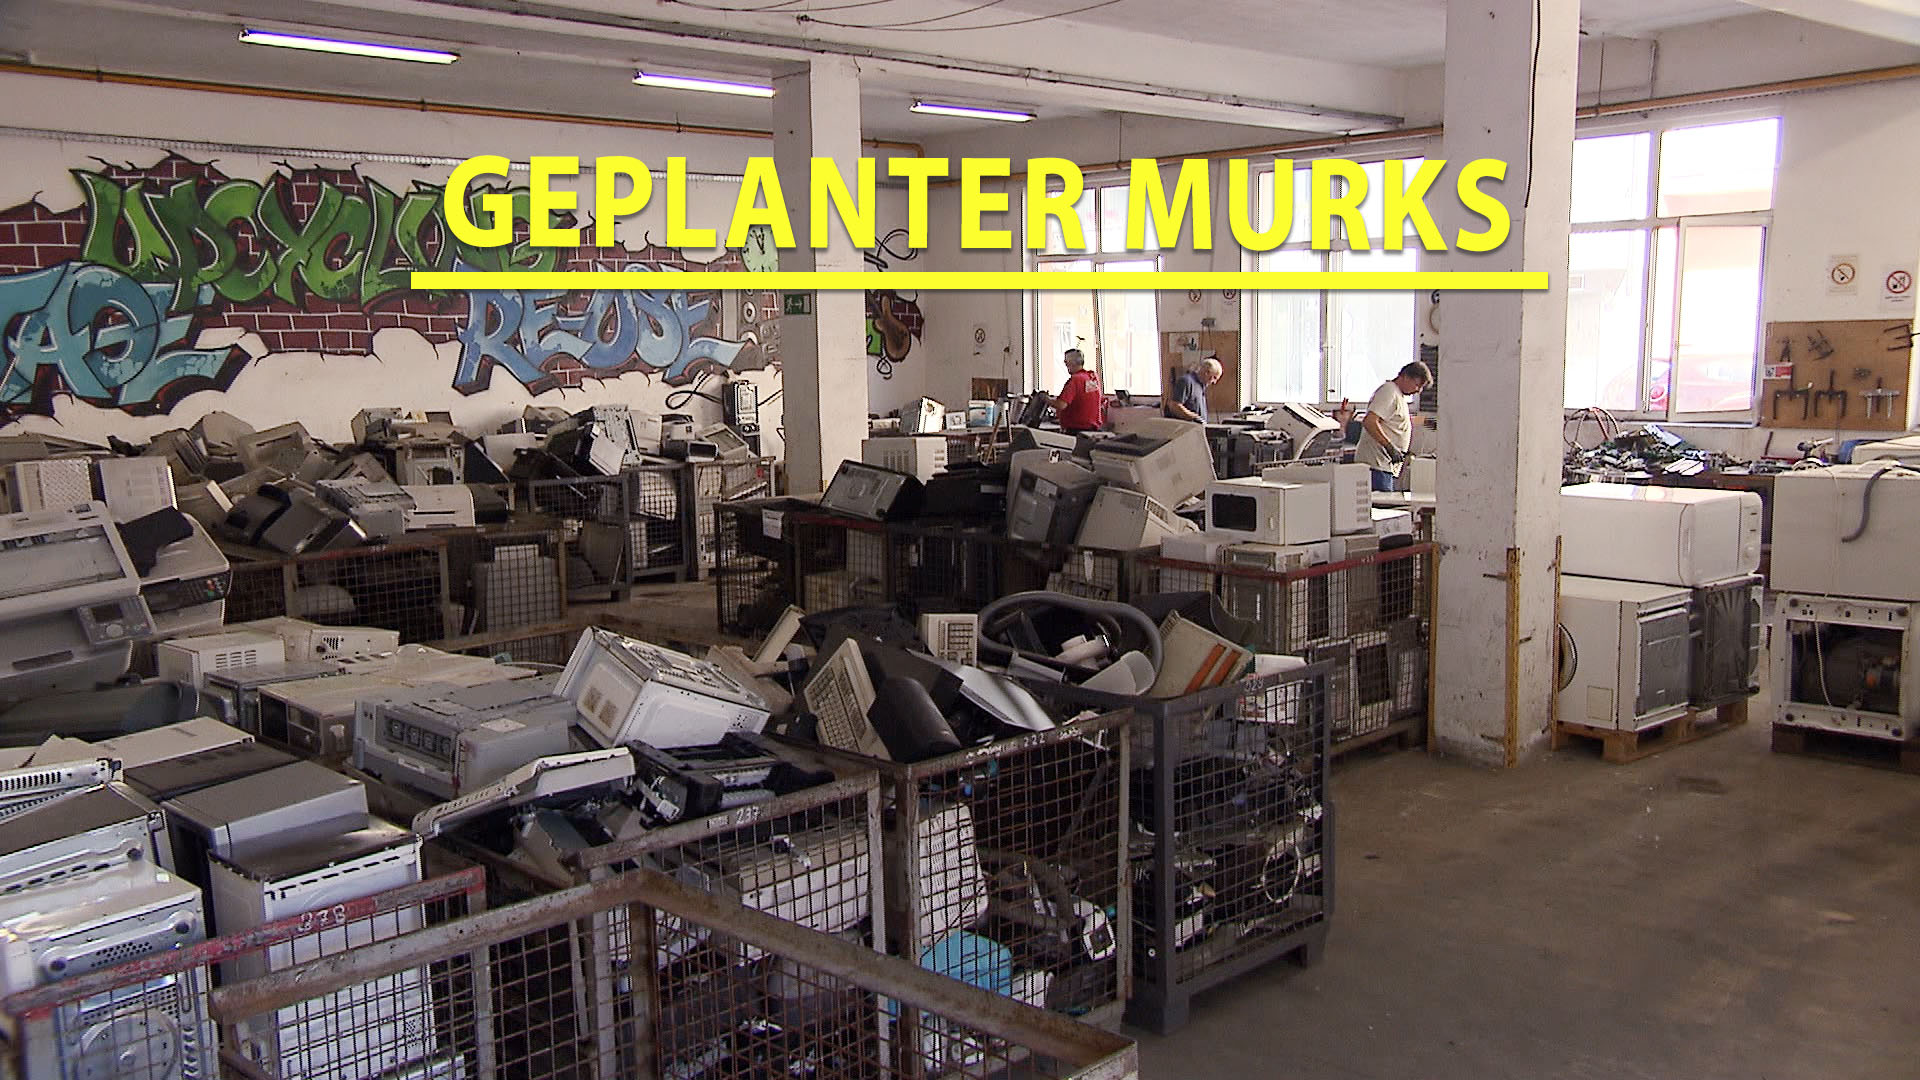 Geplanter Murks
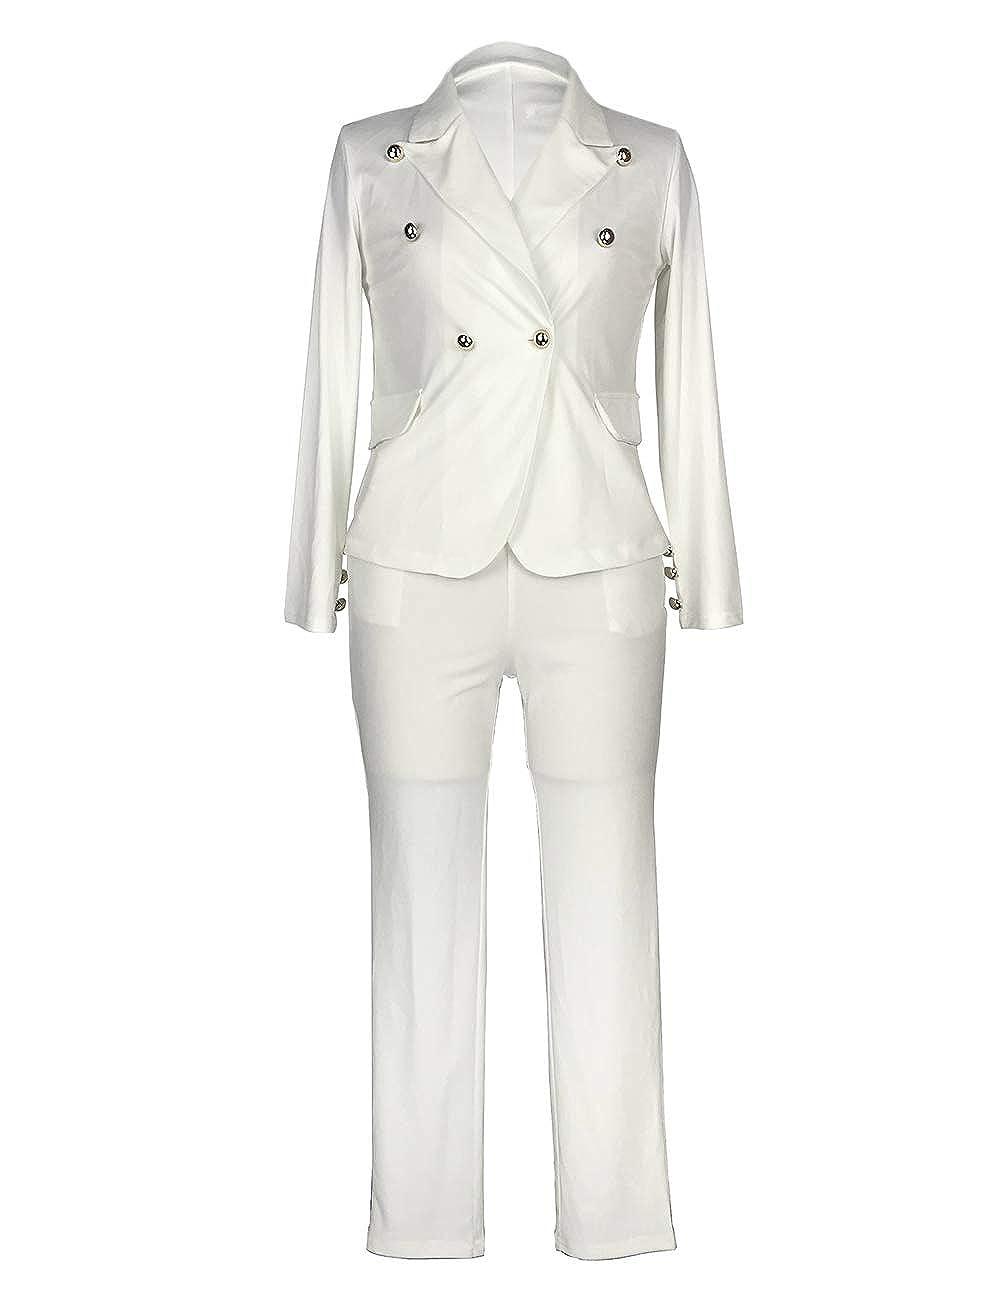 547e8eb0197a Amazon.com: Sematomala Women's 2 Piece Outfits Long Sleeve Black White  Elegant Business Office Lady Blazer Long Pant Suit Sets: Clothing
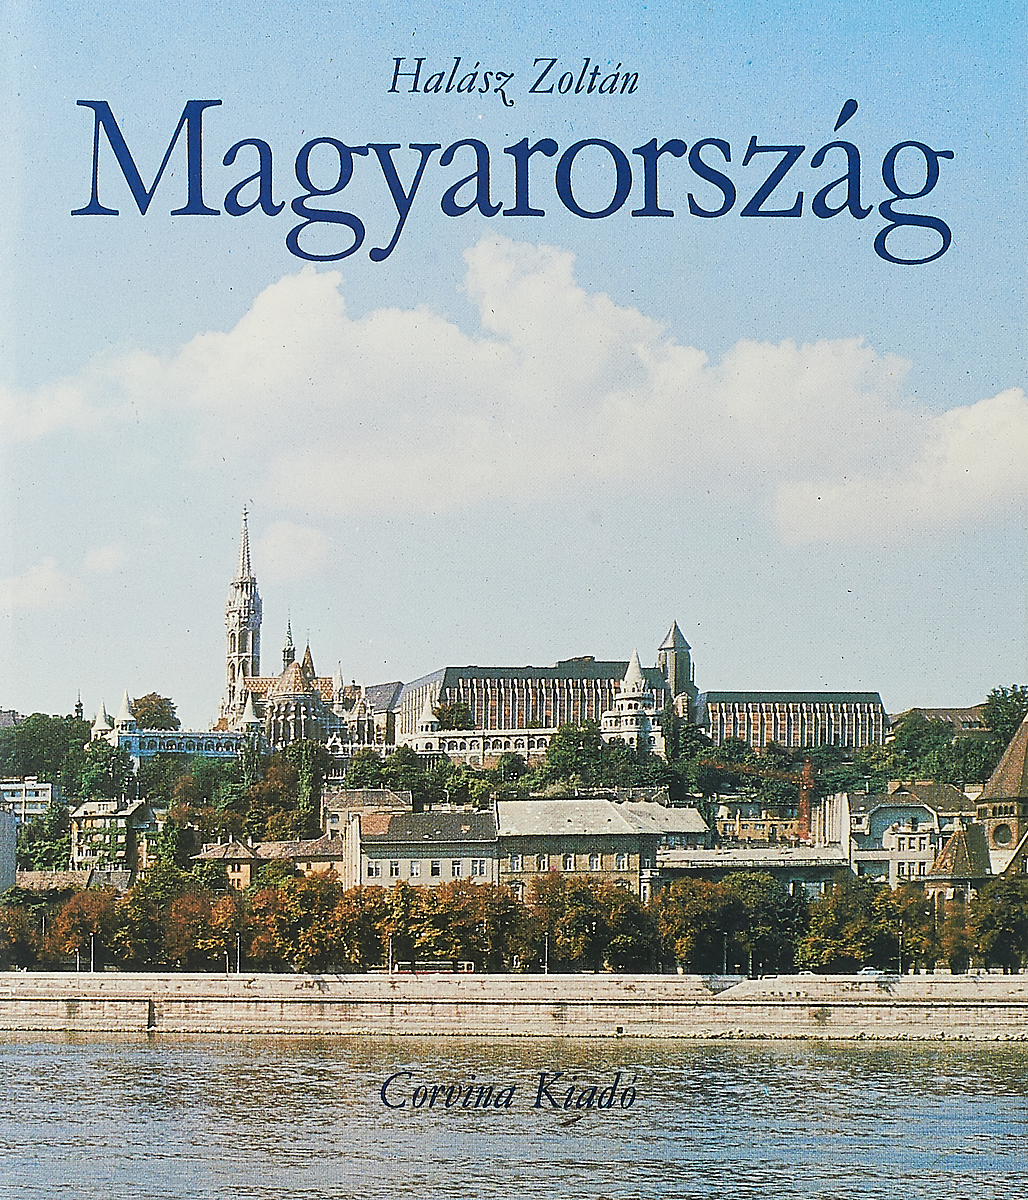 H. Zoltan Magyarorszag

__________________________________________________

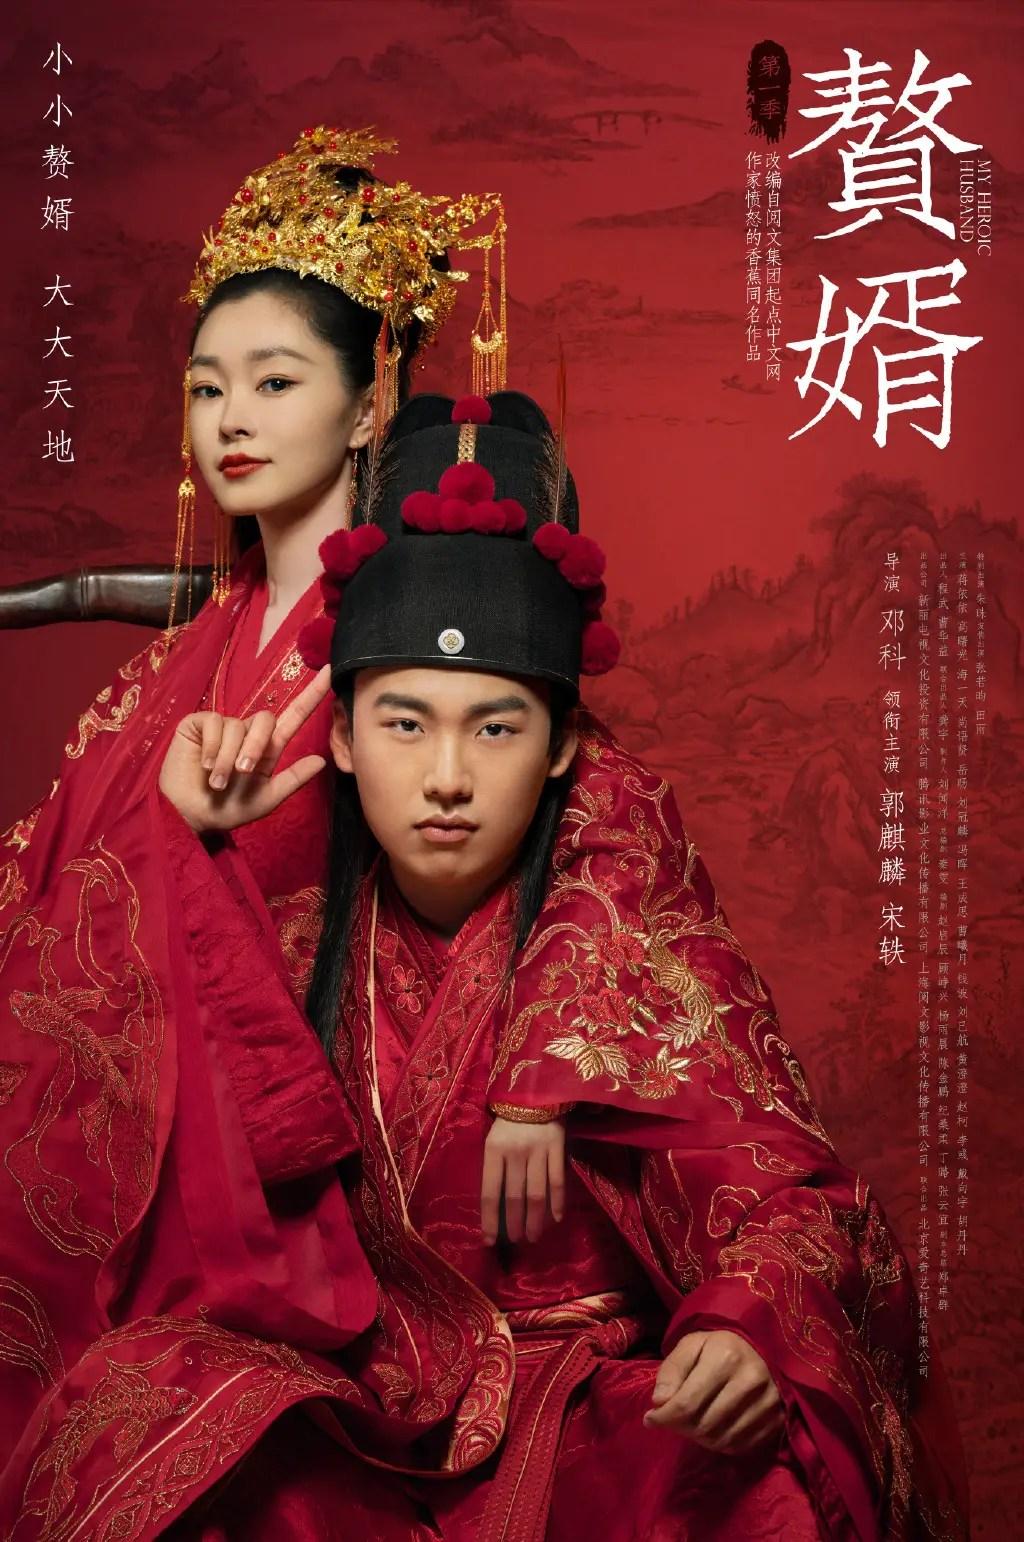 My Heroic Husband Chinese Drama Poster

__________________________________________________

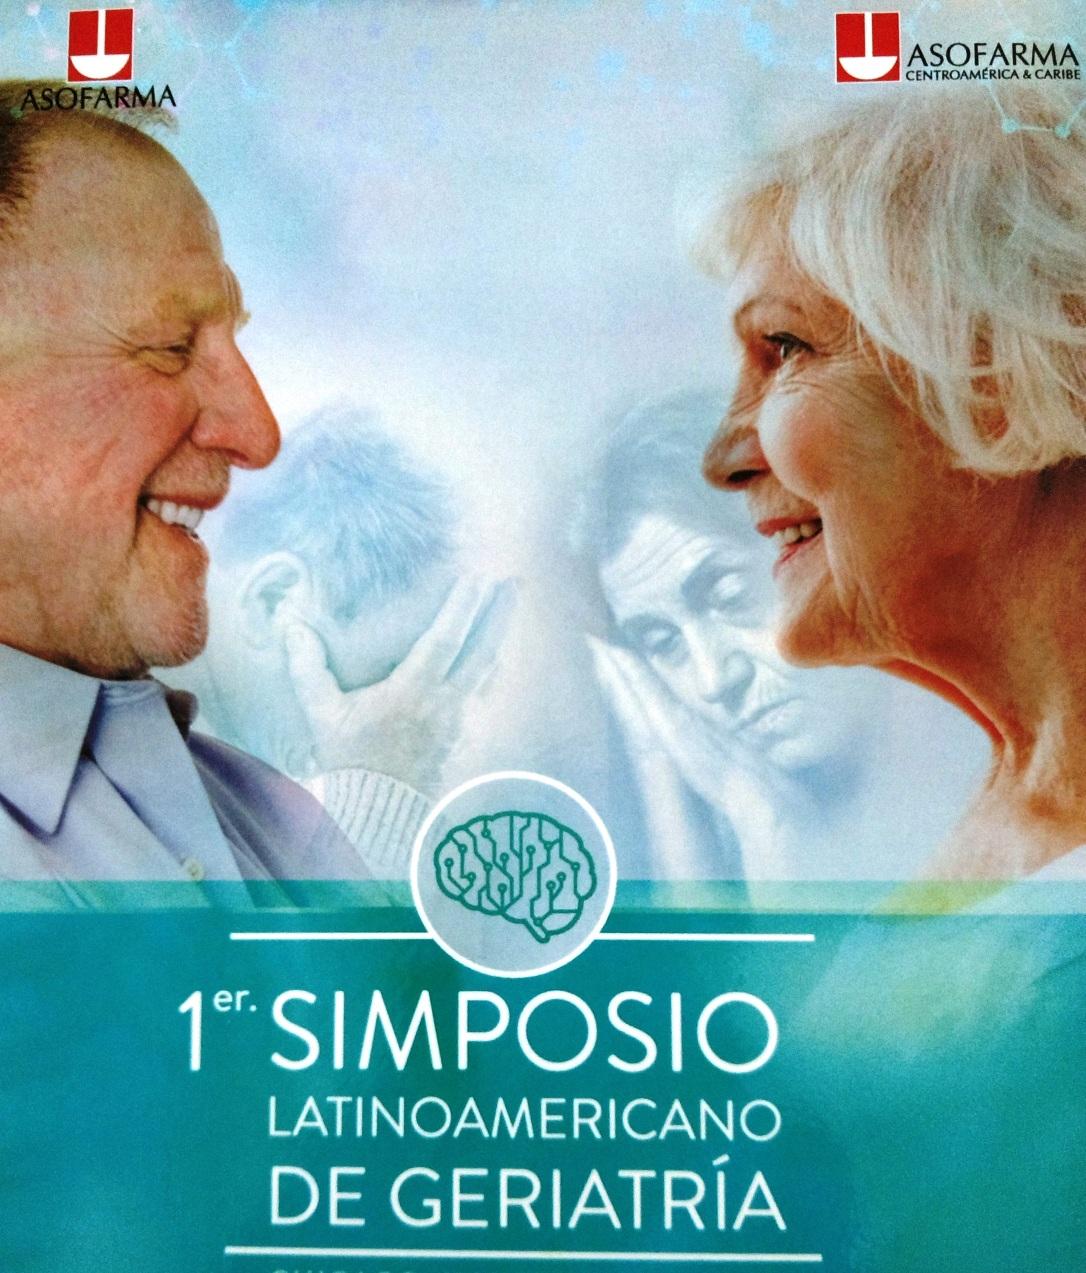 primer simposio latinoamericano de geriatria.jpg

__________________________________________________

TASK REQUIREMENTS: Both the line containing "547e8eb0197a Amazon.com: Sematomala" and the line containing "H. Zoltan Magyarorszag" above belong in the output, as do the lines between them. Print them exactly, without pictures.

RESPONSE:
 547e8eb0197a Amazon.com: Sematomala Women's 2 Piece Outfits Long Sleeve Black White  Elegant Business Office Lady Blazer Long Pant Suit Sets: Clothing
 H. Zoltan Magyarorszag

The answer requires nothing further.